Excerpted records —
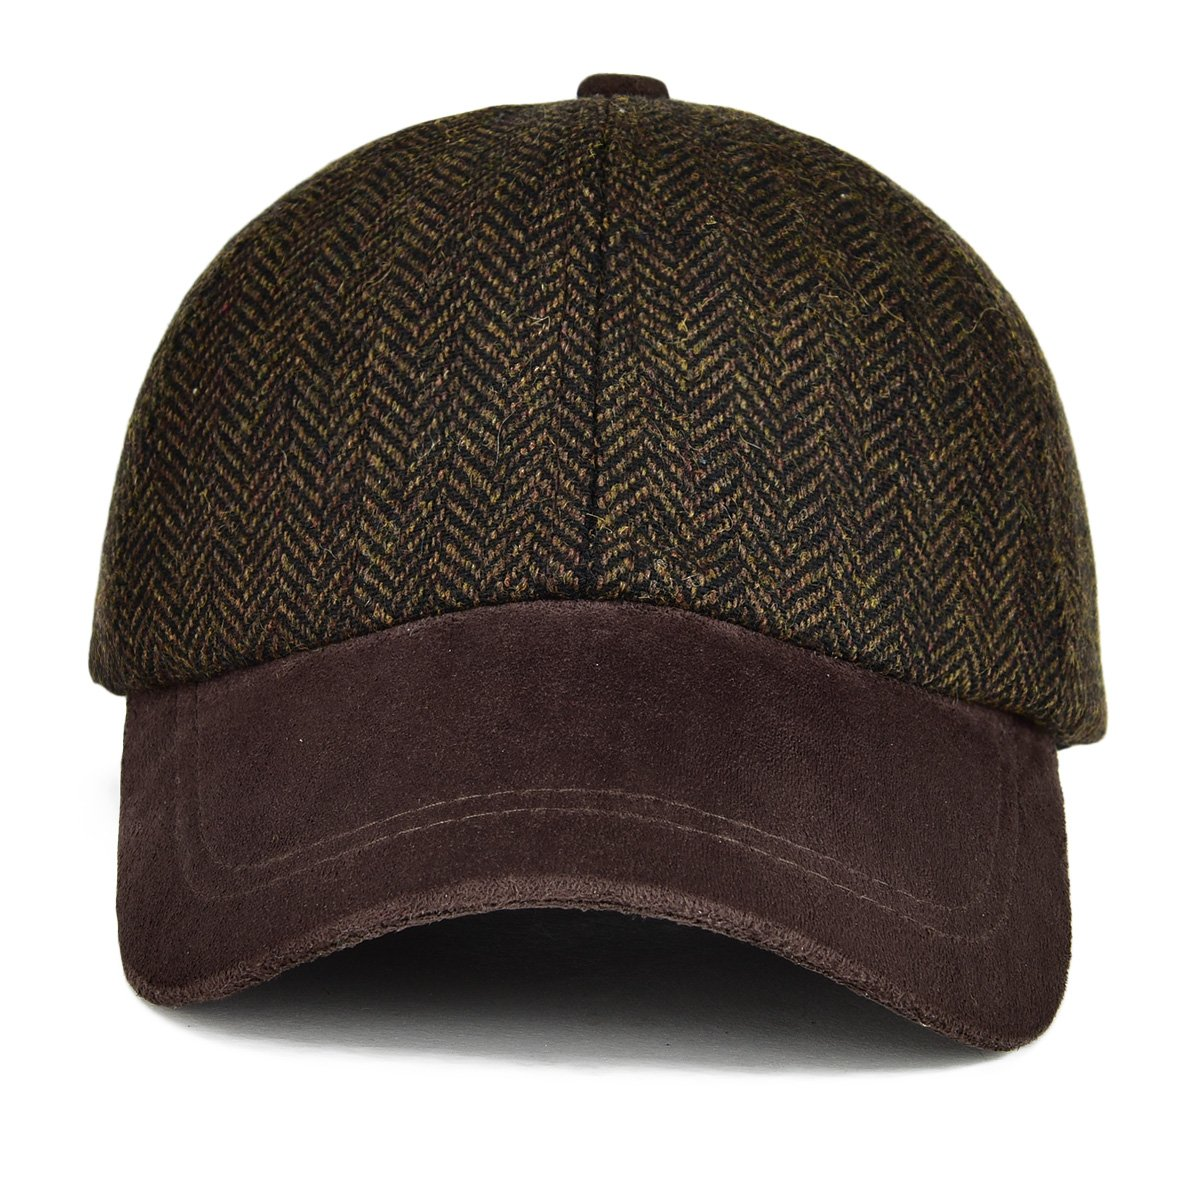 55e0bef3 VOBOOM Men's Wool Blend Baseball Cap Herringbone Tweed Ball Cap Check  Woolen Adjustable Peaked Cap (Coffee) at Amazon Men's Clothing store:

==

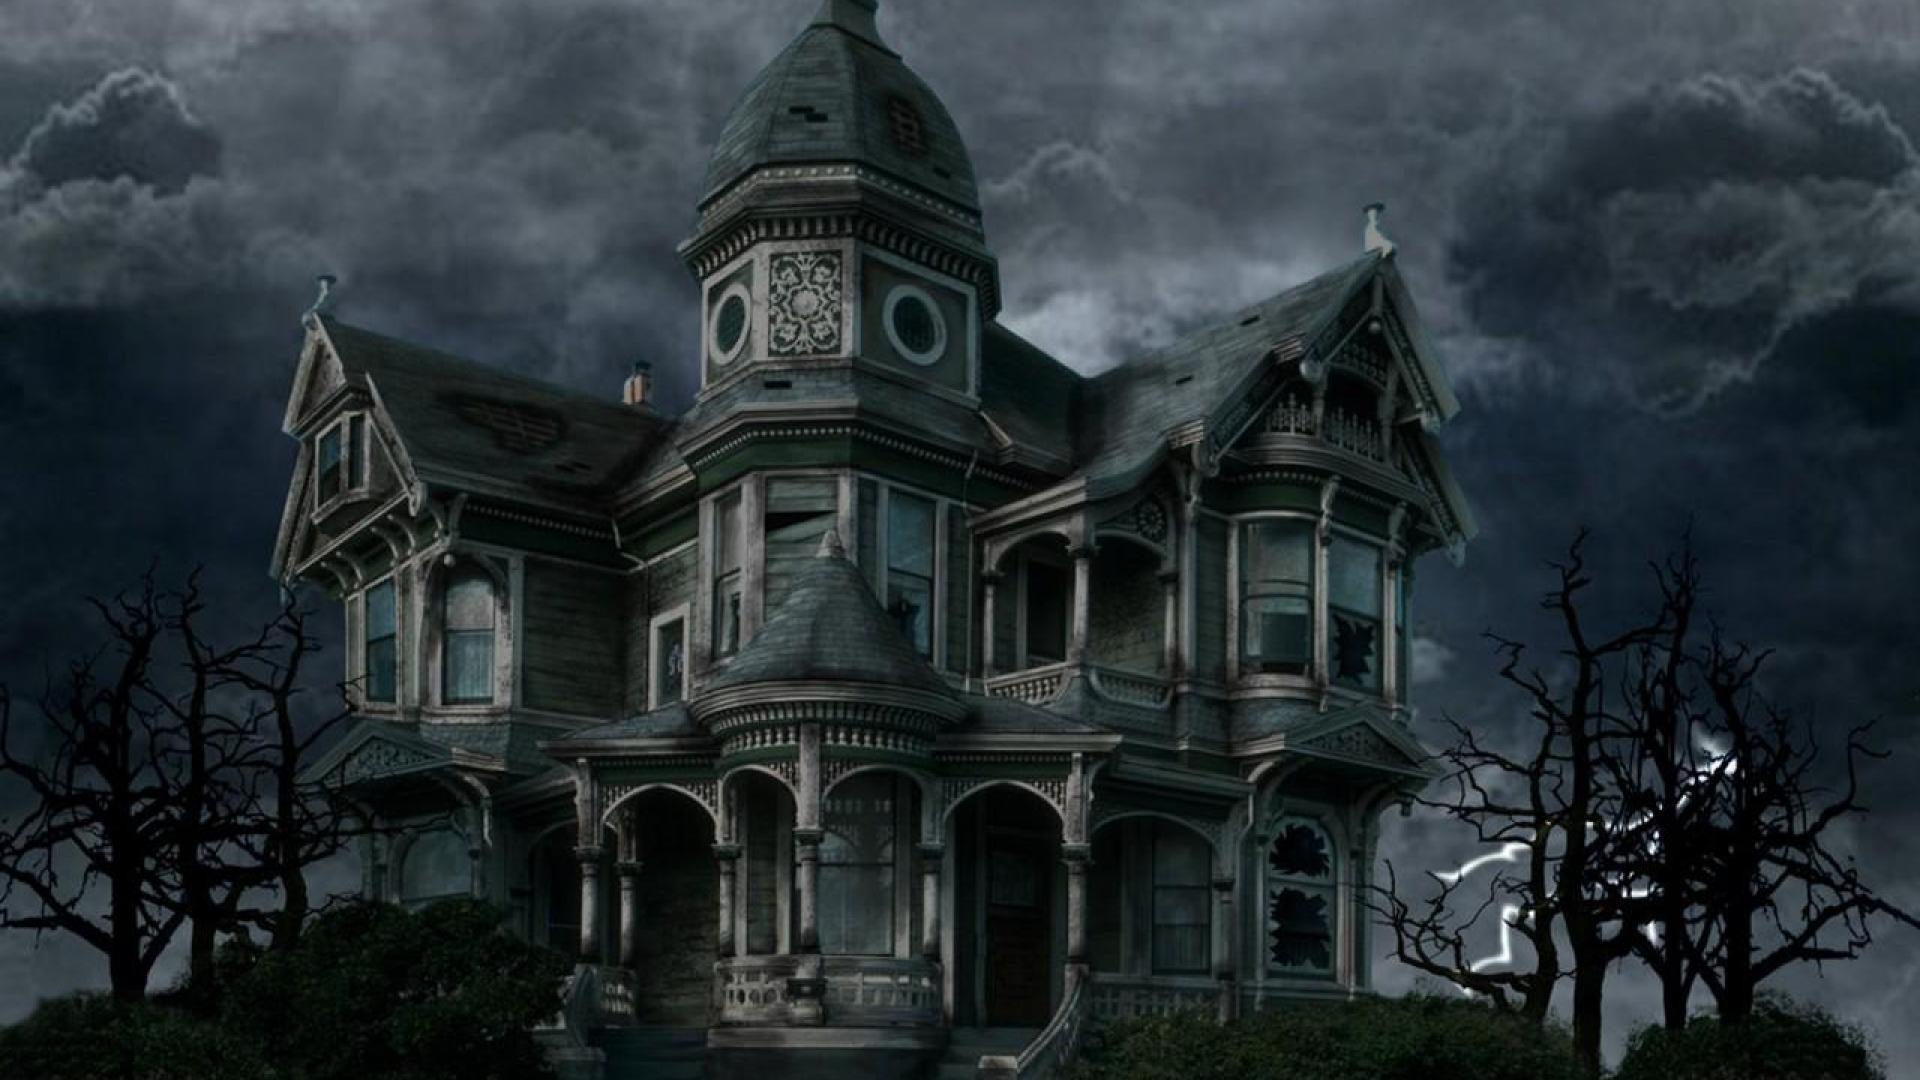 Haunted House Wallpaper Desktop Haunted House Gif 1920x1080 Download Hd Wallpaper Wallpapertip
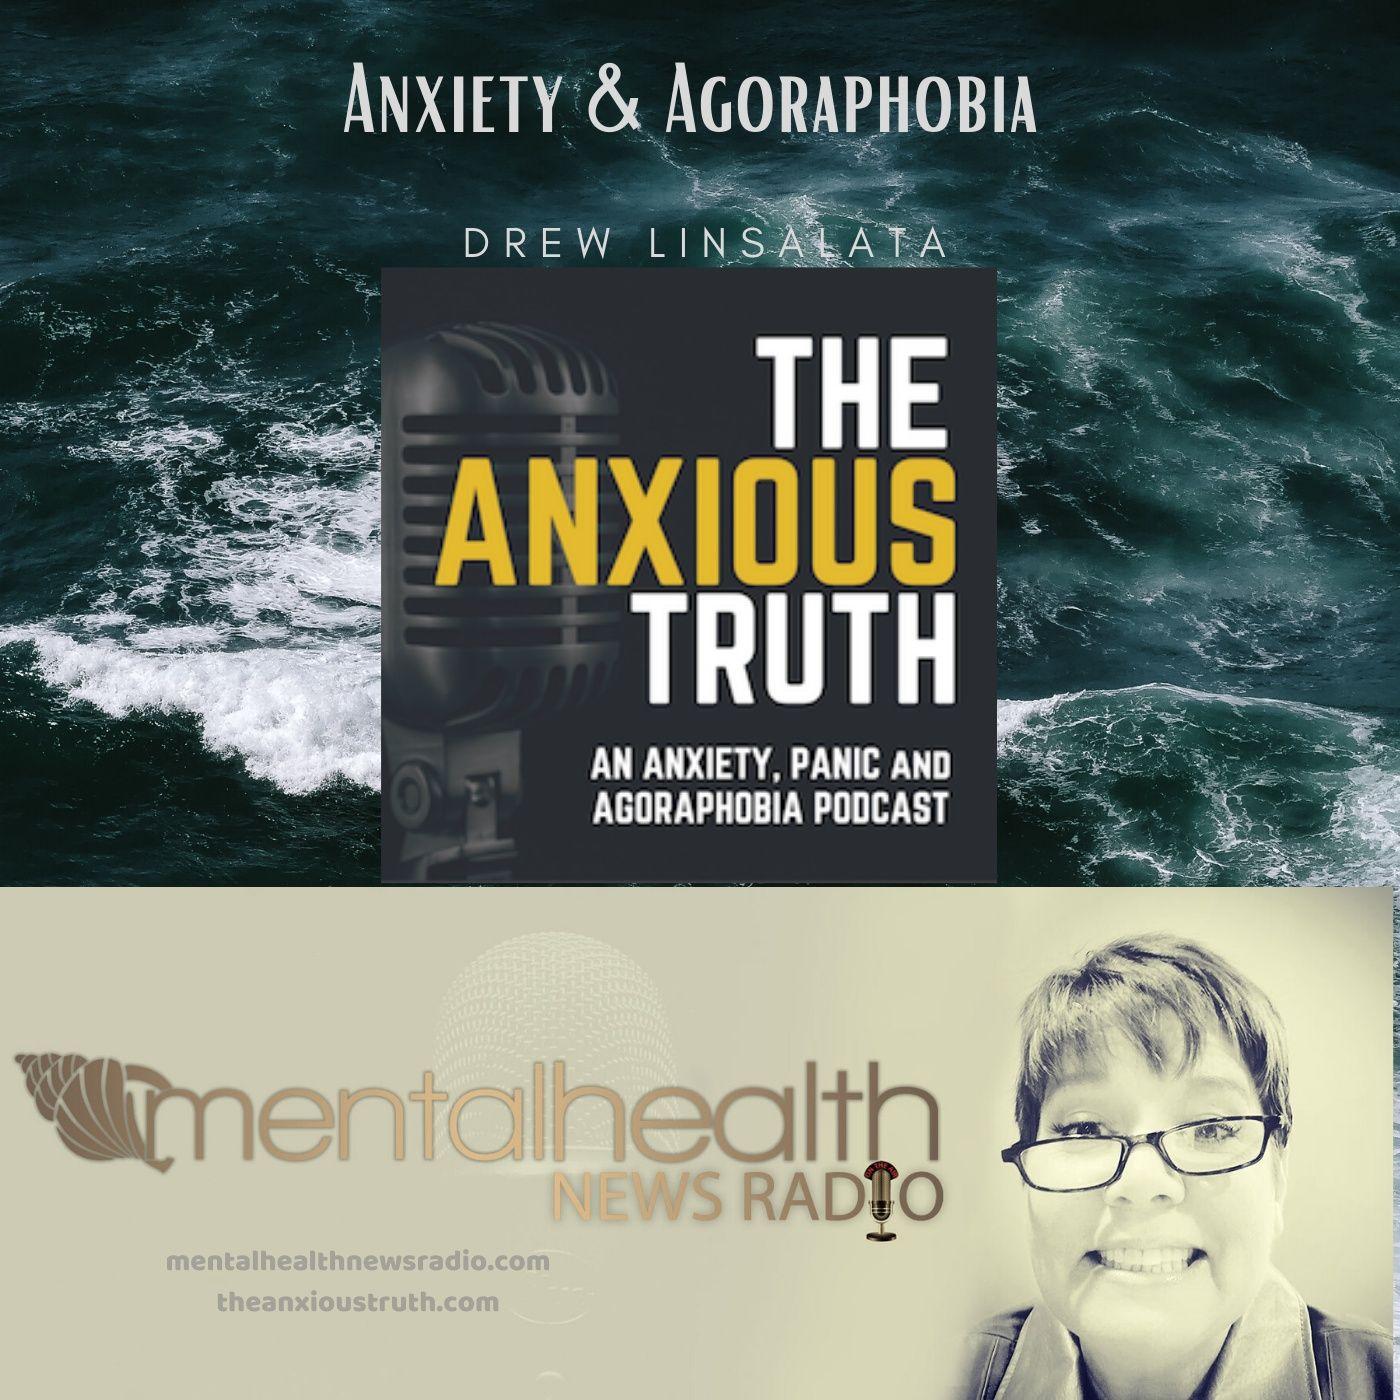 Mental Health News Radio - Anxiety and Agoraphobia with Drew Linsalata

About this exercise — Reproduce the data above exactly, but only the lines from the one showing "Haunted House Wallpaper" through the one showing "Mental Health News", with both ends kept and the pictures left out.

Written reply —
 Haunted House Wallpaper Desktop Haunted House Gif 1920x1080 Download Hd Wallpaper Wallpapertip
 Mental Health News Radio - Anxiety and Agoraphobia with Drew Linsalata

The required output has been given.